Technology > Systems Infrastructure Area Projects > Generalized software tools: SensorBase
Various sensor networks use different data storage and management mechanisms. In particular, the ESS2 mechanism in UCLA forwards raw environmental data as well as system metrics from low powered motes to one or more sinks running Stargate/Linux. Each sink writes data input streams into its storage device, often a compact flash card or RAM FS waiting for users to retrieve them manually. In cases where constant or even intermittent internet connection is present in the field, the sink uploads log files to one or more reliable servers located in secure server farms via 802.11b/T1, GPRS, or other well known mechanisms.
While the above data storage and management mechanism is straightforward to implement, publishing and sharing data is a challenge.

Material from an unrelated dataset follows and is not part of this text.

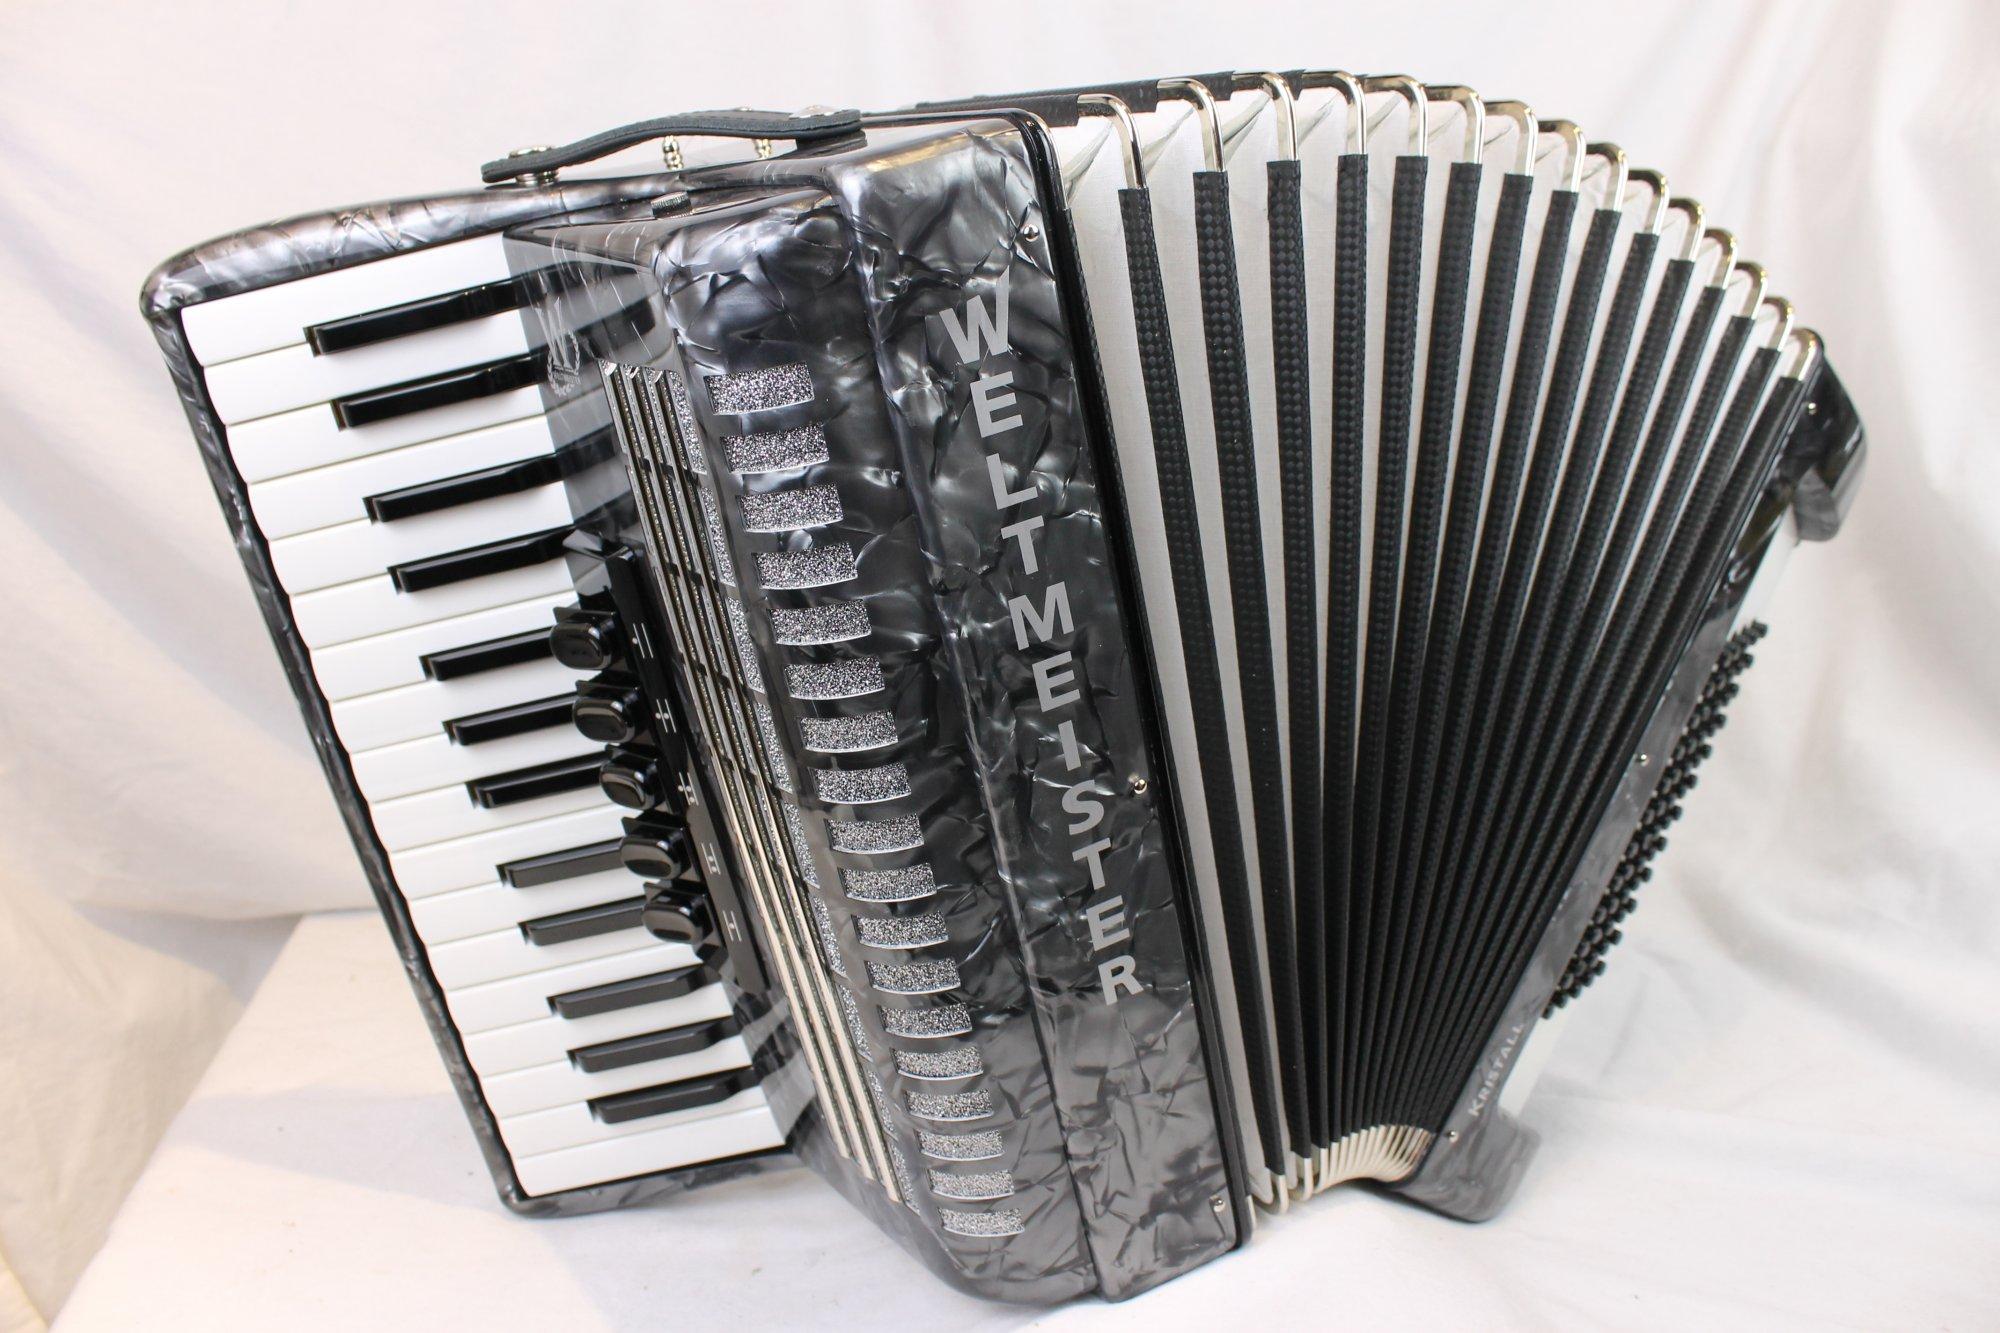 NEW Slate Weltmeister Kristall Piano Accordion LMM 30 60

For example, an ecologist who needs to find data correlations from different set of sensor networks has to retrieve compressed log files from different servers. In addition, the ecologist needs to understand different fields in the different file formats, and use different calibration equations to convert from raw data values to actual data values.
SensorBase.org is platform for common data storage and management system for sensor networks. It provides users a uniform and consistent method for publishing sensor network data. It allows users to define data types, groups, and permission levels. It is a sensor network specific search engine, which allows users to query for specific data sets based on geographic location, sensor type, date/time range, and other relevant fields.

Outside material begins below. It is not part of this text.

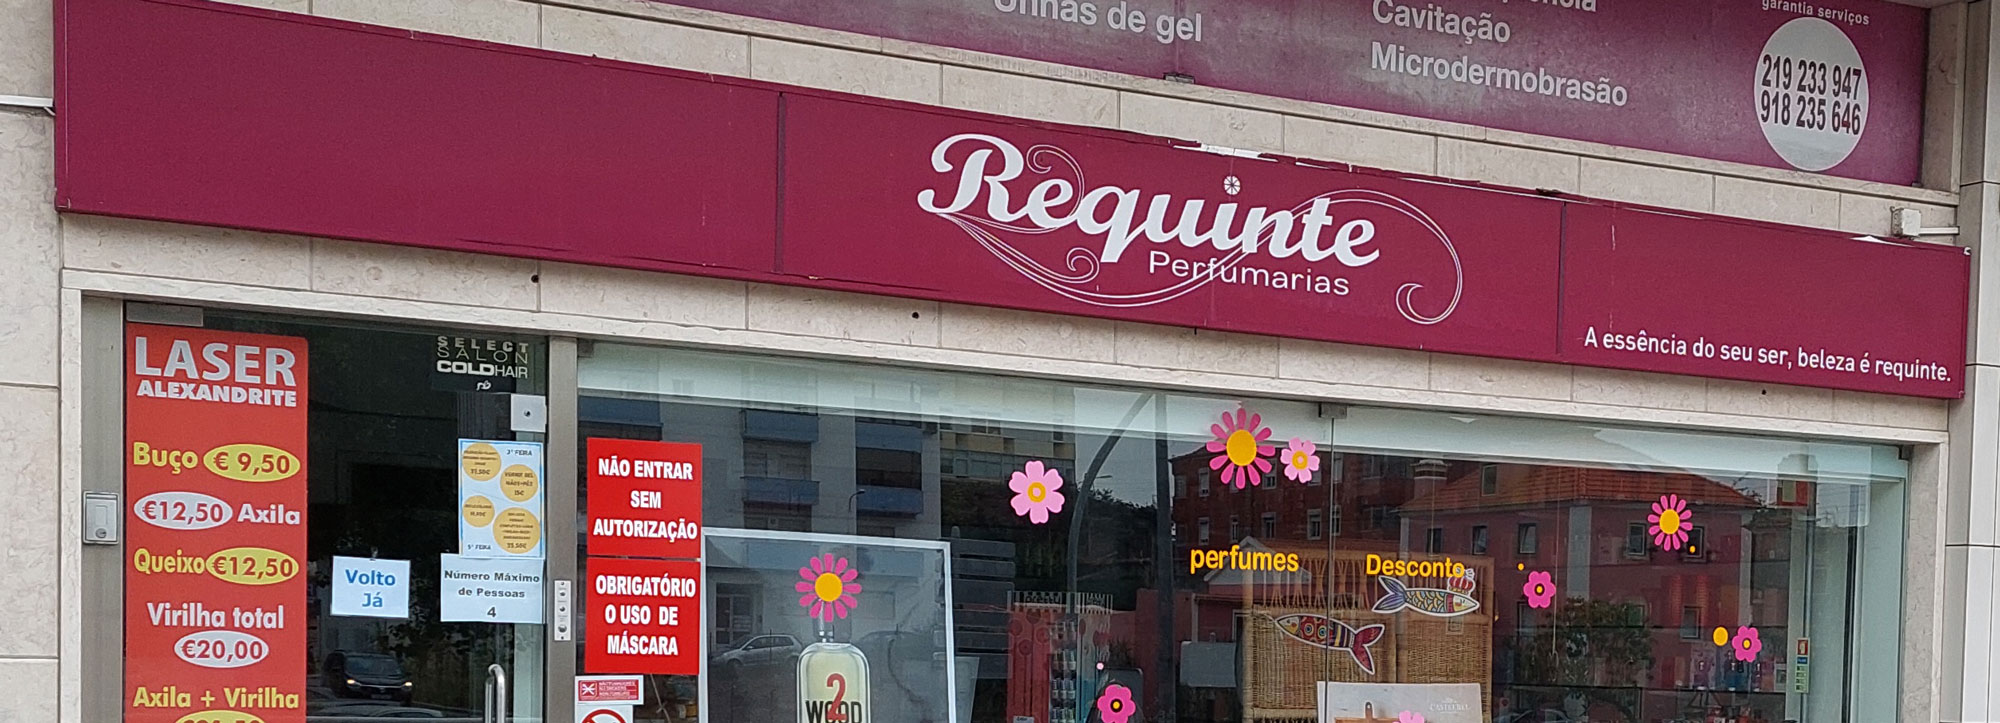 Requinte Perfumarias banner

Users that want to publish data sets create a project description and define what types of sensor readings are allowed for the project. Users can also create new measurement types, sensor types, raw to actual calibration equations, permission levels, add users to the group, and add trust reference count to users.
The core of SensorBase.org is a sensor network database schema, accessed using front-end text and HTML interfaces via HTTP and HTTPS. Below shows the relational schema for SensorBase.org with short descriptions for the various tables:

Project descriptions (project, measurement, sensor tables)— the project table contains information relevant to the project that users create. Each user can create one or more projects, and each project can be read or written by one or more users. Each project contains one or more measurement types such as “humidity”, “temperature”, “voltage”, and such. Each measurement type contains one or more sensor types such as “C129CX 3V thermister” and “Wind-o-matic 2000.”
Access control (user table)—the user table contains general information and access control permissions that each user has. Each parent user that has the root or modify-user privilege can create new accounts; new accounts are managed by the parents, or users that have the root privilege.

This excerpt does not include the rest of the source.